The bad financier, or businessman, like the bad scientist, pursues complexity almost wilfully because he believes such complexity demonstrates his knowledge and sophistication. So the blind lead the blind through the mysteries of structured financial products and the jargon-ridden thickets of corporate strategy … Consultants describe the business world in language – and, of course, PowerPoint presentations – whose elaboration disguises the banality of the thought. Real understanding lies in finding simplifications that bring order to disparate facts … People in the middle of events often know less about them than those watching from the outside, which is why interviews with senior business figures inform us about what these people think rather than what is happening. The panels of grandees at Davos who pronounce on the future of the world may know less about the subject than spectators on the lower slopes.

I liked the tenor of those thoughts and the propositions Kay entertained and they can be easily extended to the mainstream economic commentators and “Harvard” professors.

Which includes Sachs …

He claimed that while the US President was on sound footing to promote the pursuit of “an educated workforce and modern infrastructure” he:

… lost touch with reality when he turned his attention to the budget deficit. Acknowledging that recent fiscal policies had put the US on an unsustainable trajectory of rising public debt, Obama said that moving towards budget balance was now essential for fiscal stability. So, he called for a five-year freeze on what the US government calls “discretionary” civilian spending.

The problem is that more than half of such spending is on education, science and technology, and infrastructure – the areas that Obama had just argued should be strengthened. After telling Americans how important government investment is for modern growth, he promised to freeze that spending for the next five years!

There’s the mantra … creeping into the commentary – fiscal policies had put the US on an unsustainable trajectory of rising public debt. What exactly is an “unsustainable trajectory”? Why does rising public debt matter? What benchmark should we use to assess that?

The answer is that there is no solid footing for this terminology. A rising budget deficit may be entirely sustainable if it is filling a spending gap left by increased non-government saving.

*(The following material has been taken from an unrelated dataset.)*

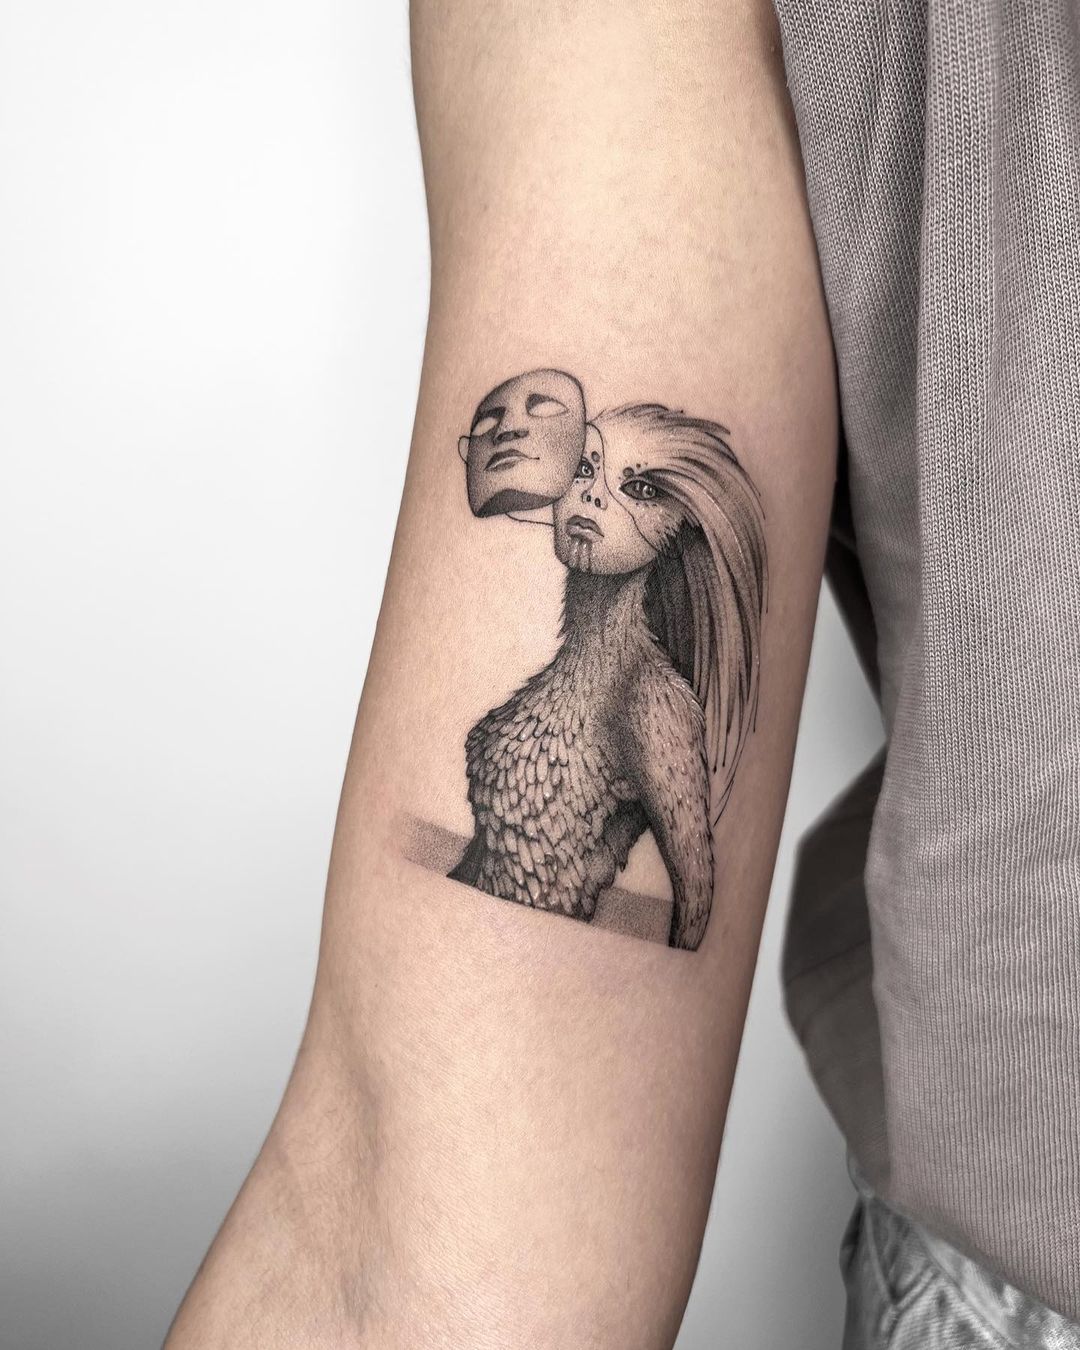 alien tattoos on arm by acra.tattoos

With an external deficit not about to be reversed any time soon in the US, a rising budget deficit is the only way the country is going to rebalance the massive private indebtedness that threatens financial stability and is constraining economic growth.

The neo-liberals promoted a growth strategy on the basis of a deregulated financial sector which poured credit into the private sector. The greed and dishonesty of the financial engineers (some) meant that the credit binge was increasingly widened into private households who didn’t have a hope in hell of paying the debts back but with “pass the parcel” (aka securitisation) the risk was continually being shuffled around and so individual shufflers could make their fast buck and pass the risk on.

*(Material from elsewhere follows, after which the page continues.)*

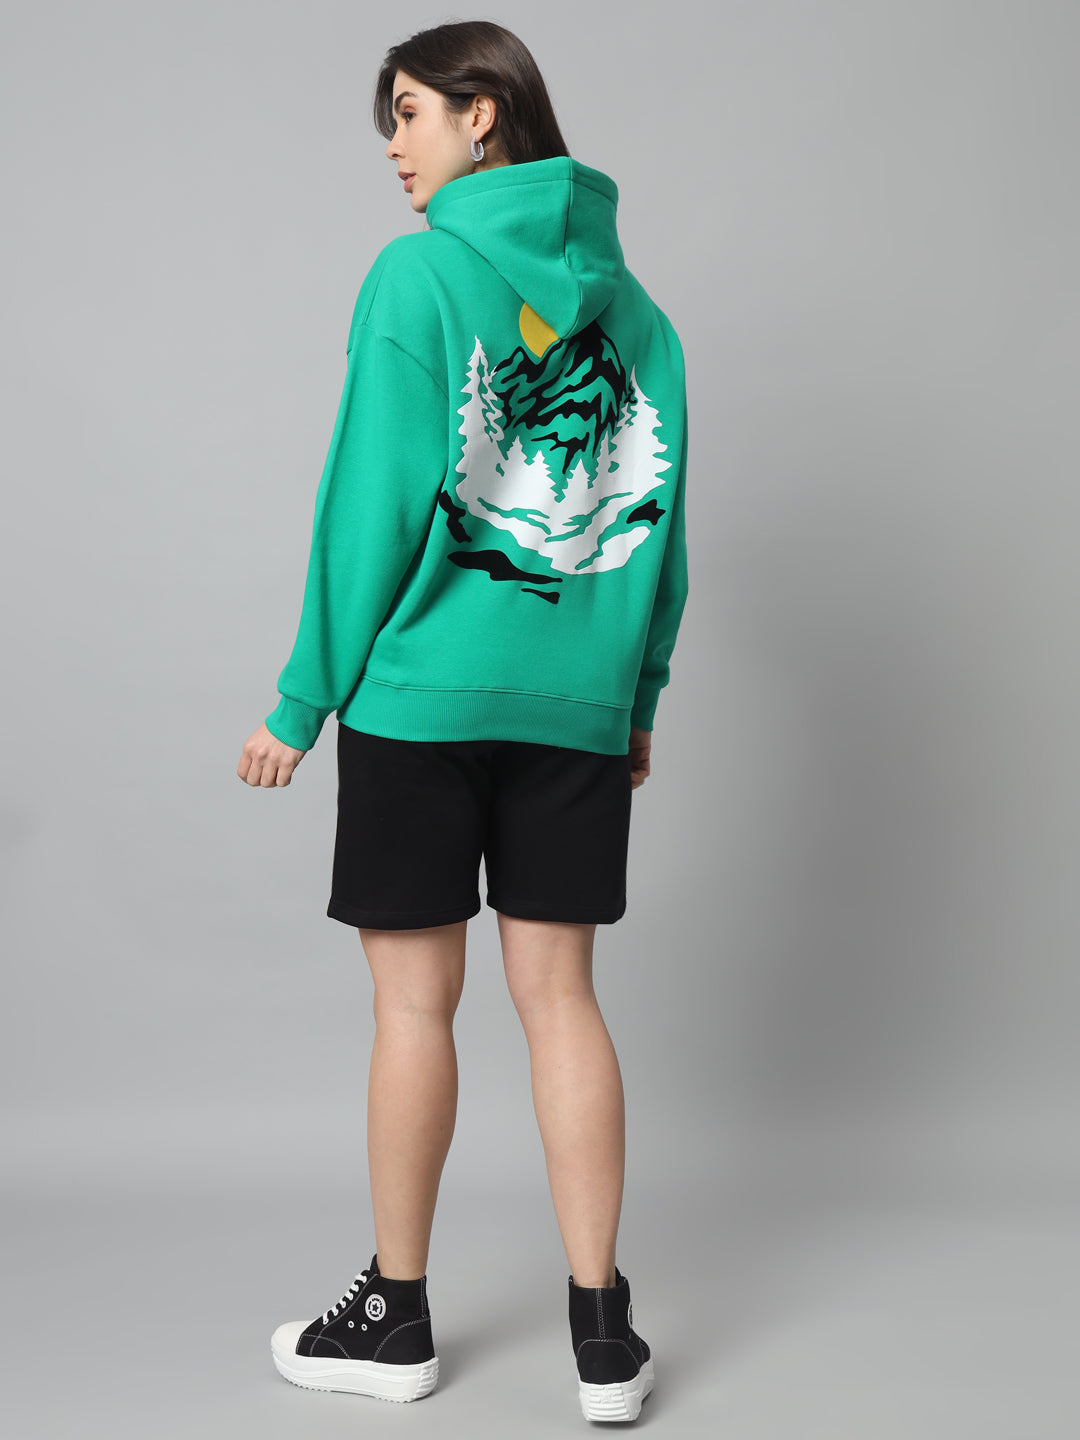 Griffel Women Oversized Neon Green MOUNTAIN Print 100% Cotton Fleece Hoodie and Short Full set Tracksuit - griffel

Be careful what you wish for! The other side of that private debt binge are the historically large public deficits that followed the inevitable meltdown. The amount of private debt that is still out there which could be classified as being at risk is huge in the US and elsewhere. The banking system is still shaky. What does that tell you? Answer: it tells me that we better get used to on-going and historically large public deficits for many years to come before normality returns.

The larger the mess, the longer the clean up.

However, there is nothing unsustainable about this for a government that is not financially constrained. They can support the deficits for as long as is necessary to support growth and the private deleveraging process. That is the only sustainable option facing the US at present. Trying to retrench these deficits is the unsustainable policy option because it will undermine the private deleveraging process, entrench even higher unemployment and ultimately cause an even larger crash than the 2007 crisis.

That was my message when I wrote the blog last February (2010) – Chill out time: better get used to budget deficits – and it remains my message. I think the predictions I have consistently made over the last few years in this blog (and prior in my academic work for many years) have been accurate and contrary to the predictions of mainstream economists.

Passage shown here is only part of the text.